PR body: missing explicit issue closure line

File: PR metadata (PR #1199)
Line(s): PR description (GitHub UI, not in-repo)
Issue: The description mirrors issue #1199 but does not use a closing keyword, so automation and reviewers cannot rely on “linked / closed on merge” from the body alone.
Suggestion: Add one line at the top or bottom of the PR body, for example:

GitHub PR description — suggested line to append

Fixes #1199

(or Closes #1199 per project convention.)

Metrics in hot paths: few tests assert events or plumbing

Files: libp2p/pubsub/pubsub.py, libp2p/kad_dht/kad_dht.py, libp2p/network/swarm.py, stream construction
Line(s): multiple
Issue: Instrumentation runs on every RPC read, DHT inbound handling, and dial/listen paths, but there is no dedicated test module that opens a channel, drives one protocol action, and asserts the shape/count of events on the receive side.
Suggestion: Add tests that (1) assert NetStream.metric_send_channel is set when enable_metrics=True, (2) drive a minimal gossipsub RPC and assert a GossipsubEvent on the receive channel, (3) trigger dial_peer failure/success and assert SwarmEvent fields, (4) exercise DHT handle_stream and assert KadDhtEvent.

Pubsub: one GossipsubEvent per RPC loop iteration, sent if the stream has a channel:

libp2p/pubsub/pubsub.py — lines 512–558

                event = GossipsubEvent()
                event.peer_id = peer_id.pretty()
                event.message_size = len(incoming)

                if rpc_incoming.publish:
                    # deal with RPC.publish
                    event.publish = True
                    for msg in rpc_incoming.publish:
                        if not self._is_subscribed_to_msg(msg):
                            continue
                        logger.debug(
                            "received `publish` message %s from peer %s", msg, peer_id
                        )
                        # Only schedule task if service is still running
                        if self.manager.is_running:
                            self.manager.run_task(self.push_msg, peer_id, msg)

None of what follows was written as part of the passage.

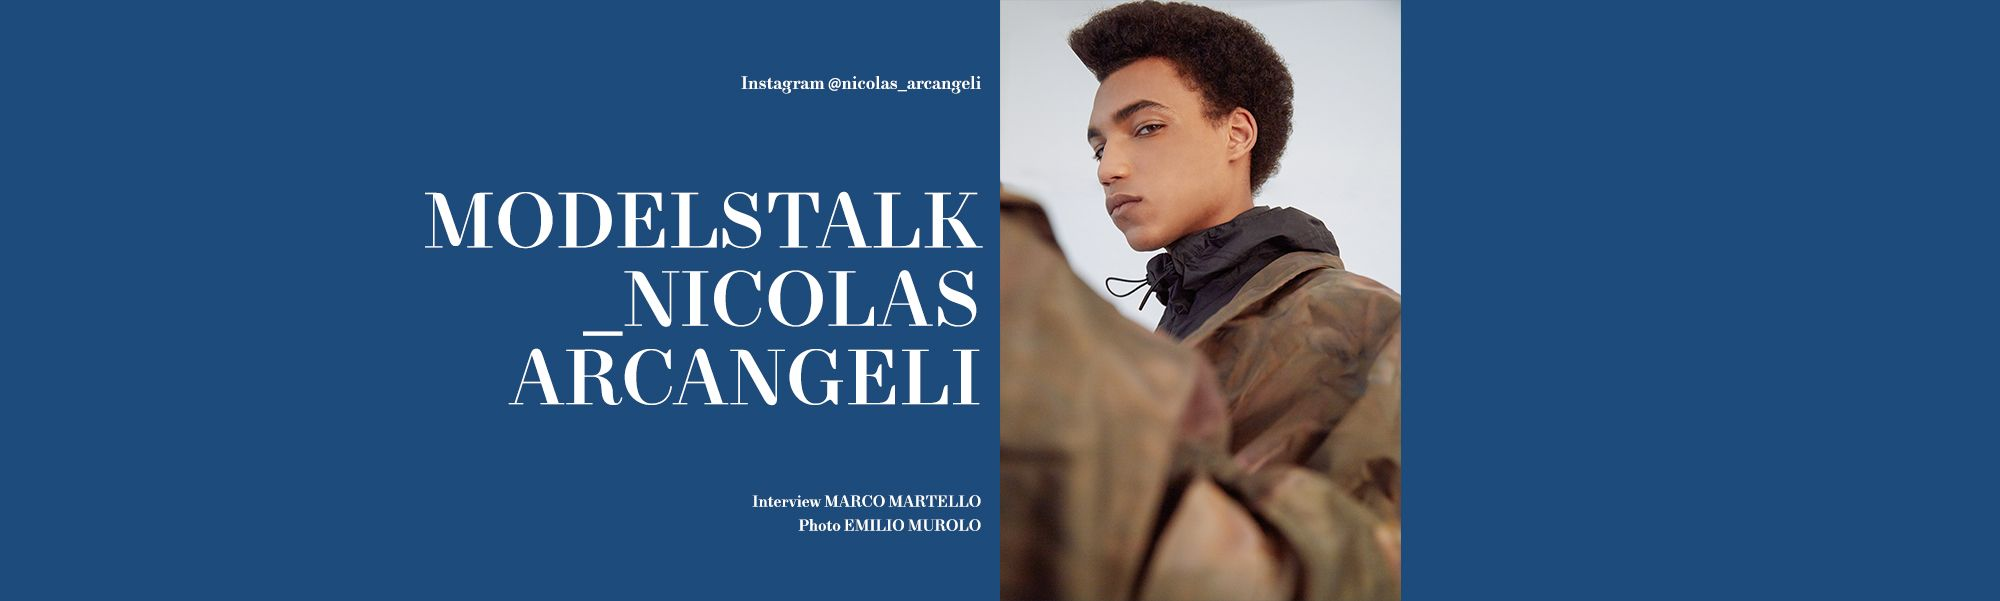 nicolas-arcangeli-thegreatestmagazine-banner

                if rpc_incoming.subscriptions:
                    # deal with RPC.subscriptions
                    # We don't need to relay the subscription to our
                    # peers because a given node only needs its peers
                    # to know that it is subscribed to the topic (doesn't
                    # need everyone to know)
                    event.subopts = True
                    for message in rpc_incoming.subscriptions:
                        logger.debug(
                            "received `subscriptions` message %s from peer %s",
                            message,
                            peer_id,
                        )
                        self.handle_subscription(peer_id, message)

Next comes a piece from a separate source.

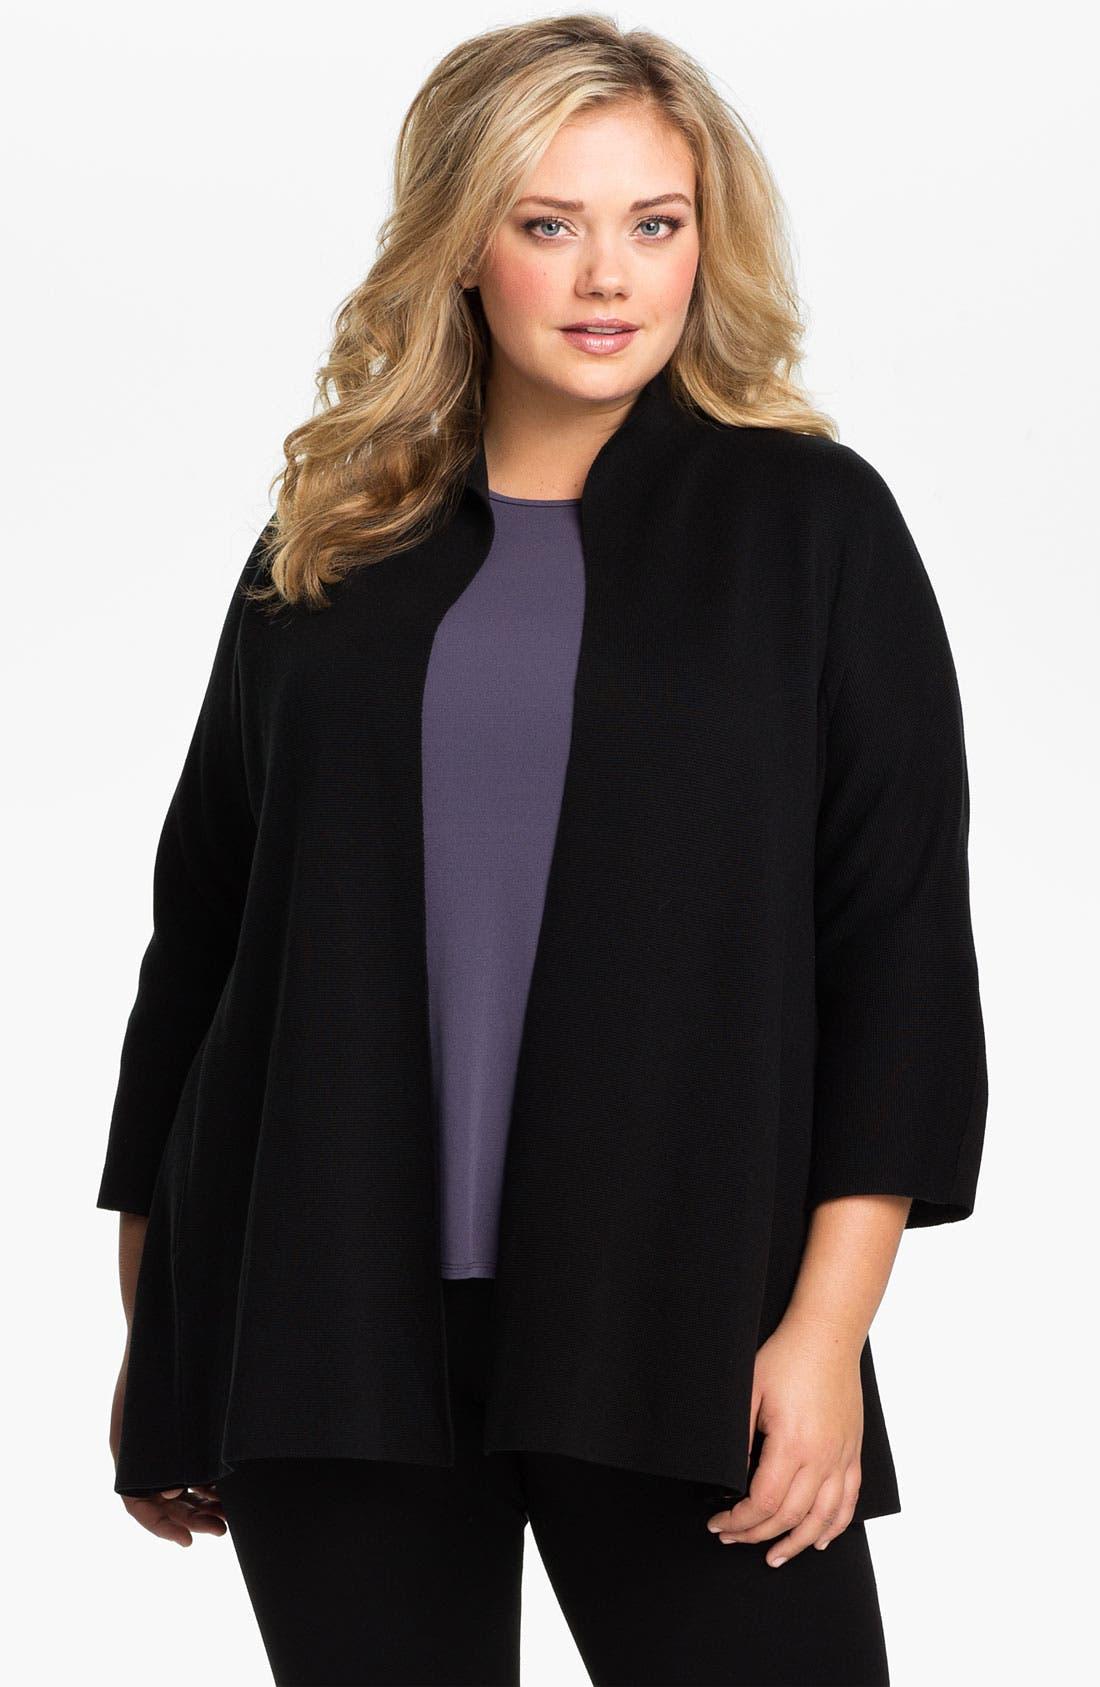 Alternate Image 1 Selected - Eileen Fisher Silk Blend Knit Jacket (Plus)

                # NOTE: Check if `rpc_incoming.control` is set through `HasField`.
                #   This is necessary because `control` is an optional field in pb2.
                #   Ref: https://developers.google.com/protocol-buffers/docs/reference/python-generated#singular-fields-proto2  # noqa: E501
                if rpc_incoming.HasField("control"):
                    event.control = True
                    # Pass rpc to router so router could perform custom logic
                    logger.debug(
                        "received `control` message %s from peer %s",
                        rpc_incoming.control,
                        peer_id,
                    )
                    await self.router.handle_rpc(rpc_incoming, peer_id)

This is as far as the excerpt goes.